Perempuan yang mana hal tersebut akrab disapa Yova ini sempat didiagnosis gangguan bipolar pada 2018 lalu. Kondisi ini mengharuskannya dirawat di dalam tempat rumah sakit jiwa (RSJ).

Tapi saat kondisi sudah mulai pulih lalu kembali bersekolah, Yova justru dilarang bercerita pada lingkungan teman-temannya tentang riwayat kesehatannya.

“Generasi pada atas aku, ya mama, om, tante, menganggap topik mental health itu masih tabu banget,” ujar Yova dalam diskusi Secret at Newsroom: Tiba-tiba Sadar Mental Health, Jumat (20/10).

Namun kini, lanjut Yova, kesehatan mental sudah pernah menjadi topik yang digunakan mana umum dibahas, utamanya di tempat area kalangan Gen Z seperti dirinya.

Yova, yang mana saat ini berpartisipasi berbagi informasi persoalan kesehatan mental lewat akun TikTok @RSJSurvivor, kerap menerima curhat dari para pengikutnya.

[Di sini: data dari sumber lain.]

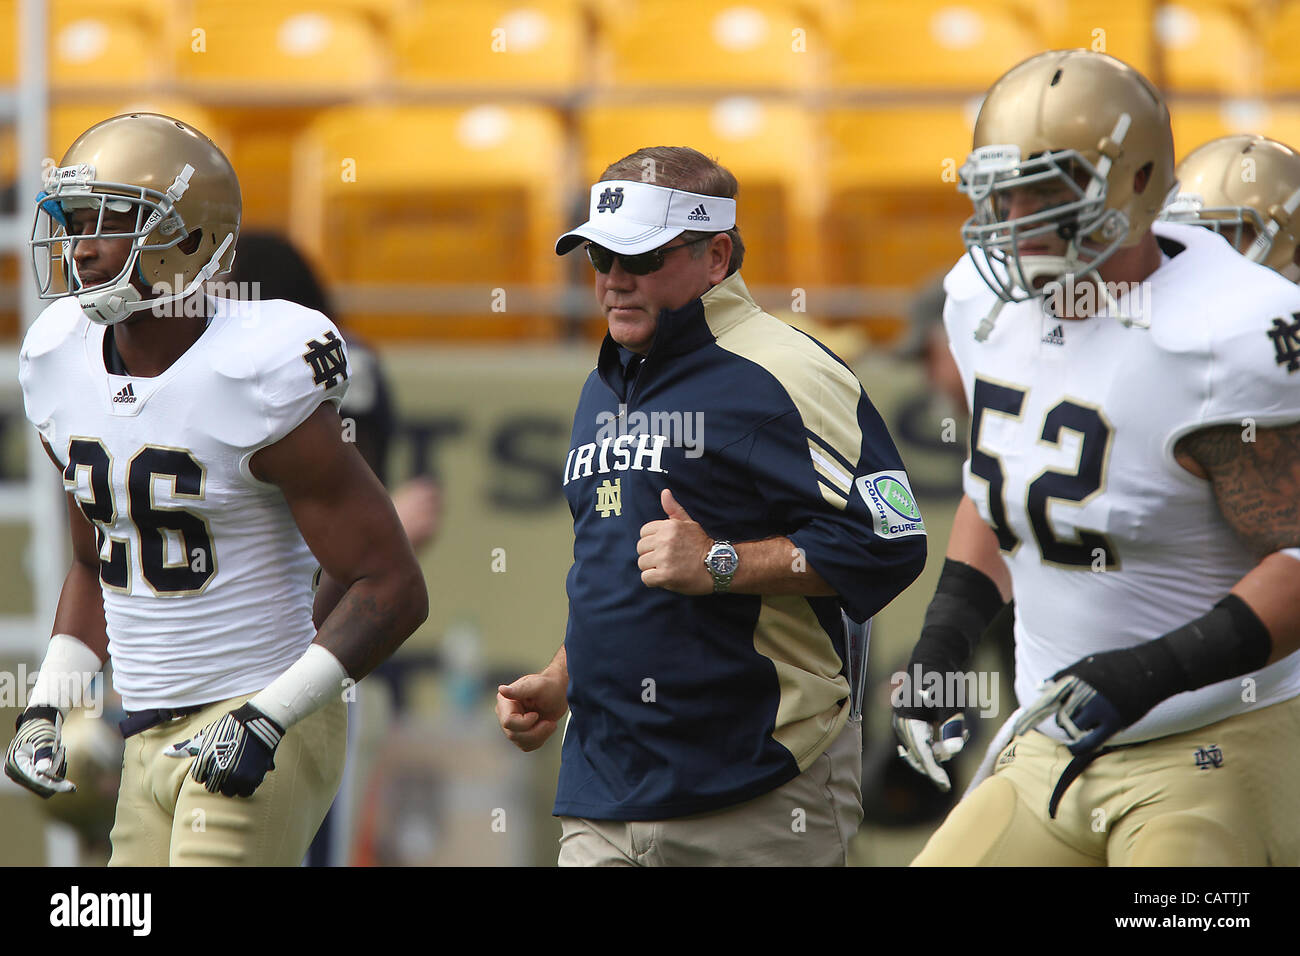 Sept. 23, 2011 - Pittsburgh, Pennsylvania, USA - Notre Dame head coach Brian Kelly. The Notre Dame Fighting Irish were able to hold onto a slight lead to beat the University of Pittsburgh Panthers in Hienz Field.  Photo By Aaron Suozzi (Credit Image: © Aaron Souzzi/ZUMAPRESS.com) Stock Photo

Dari sini, ia melihat, Gen Z sebenarnya sadar bahwa ada yang tersebut digunakan janggal dengan diri mereka. Namun, saat bercerita pada orang tua, merek justru bukan mendapat validasi.

“Zaman sekarang kesehatan mental [orang] sudah sangat aware. Tapi untuk praktiknya pada rumah, orang tua masih percaya enggak percaya. [Sebanyak] 90 persen ketika anak curhat tentang mental health, [direspons orang tua] ‘Halah kamu kurang bersyukur, kurang ibadah, makanya rajin salat, mengaji’,” katanya.

Akses informasi mengenai kesehatan mental yang mana dimaksud makin terbuka juga mudah ternyata bukan menjamin kesadaran tinggi pada tengah warga dari berbagai kalangan.

Psikolog Mira Amir mengatakan bahwa pada dasarnya keterbukaan Yova perihal kesehatan mental tak akan lepas dari bagaimana lingkungan menanggapi kondisinya.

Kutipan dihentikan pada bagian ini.